Here is the latest version of directx 9.0c (for xp):
http://www.microsoft.com/downloads/...ab-0983-4c41-9c70-632f6f42c557&DisplayLang=en
You shouldn't have trouble downloading because this doesn't need genuine validation.

Now microsoft creates updates named by the month, not by the letter. This is the latest version, DirectX 9.0c June.

I had such trouble with need for speed carbon before and I think it worked.


----------



## lally07 (Aug 22, 2008)

thanx ill try it and ill post again but not sure if itll work because at the end of the installation it says "your directx version meets system requirements"
hope it does work though


----------



## alexyu (Aug 22, 2008)

A friend of mine had exactly the same behaviour on vice city. However, it stopped showing after he changed the resolution.


----------



## lally07 (Aug 22, 2008)

OMG it still happens

how annoying   got any more ideas???

Oh btw it works on my brothers computer so its not a dodgy game lol and it is genuine


----------



## lally07 (Aug 22, 2008)

Alex do u mean on the game or on the computer?


----------



## alexyu (Aug 22, 2008)

lally07 said:


> Alex do u mean on the game or on the computer?

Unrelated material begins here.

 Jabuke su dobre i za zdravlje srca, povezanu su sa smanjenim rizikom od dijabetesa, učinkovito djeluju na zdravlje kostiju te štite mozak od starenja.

On the game. try different resolutions.


----------



## alexyu (Aug 22, 2008)

Oh, just reminded why it looks so familiar. It always happens to me in PoP after playing like 2 hr. or using sands of time to often.


----------



## lally07 (Aug 22, 2008)

already tried it mate but thanx anyway


----------



## Intel_man (Aug 22, 2008)

It's your video card. It just can't handle the graphics. I had this problem with other games back when I used my intel integrated. When I bought my 9600GT, problem solved.


----------



## lally07 (Aug 22, 2008)

oh dear... more money

ill just ask... do u no for deffinate because it runs other games like half life 2 nicely


----------



## Intel_man (Aug 22, 2008)

Yes. I've had the exact problem. 

I was playing games fine (NBA 07, NHL 08, America's Army, etc.) but whenever I try to play Lock On, it will give me stuff like that.


----------



## g4m3rof1337 (Aug 23, 2008)

Had trouble understanding the problem.. But you said, in the Youtube description, that you have an illegal copy.


Could be the problem. 



Or it could be that your graphic card can't handle the game.


----------



## lally07 (Aug 23, 2008)

I dont have an illegal copy.... Its just not a retail versoin. i bought it from Morrisons and the case looks like this 
	

	
	
		
		

		
			
		
		
	


	




And why does it run half life 2 that has much better graphics with ease?


----------



## g4m3rof1337 (Aug 24, 2008)

Well, the problem can be that it says you have to be 16 or older to play the game, while you're profile says you're 14.


----------



## Intel_man (Aug 24, 2008)

lally07 said:


> I dont have an illegal copy.... Its just not a retail versoin. i bought it from Morrisons and the case looks like this
> 
> 
> 
> ...



You can't compare different games. Ubisoft uses a different game engine than Valve's Source engine.


----------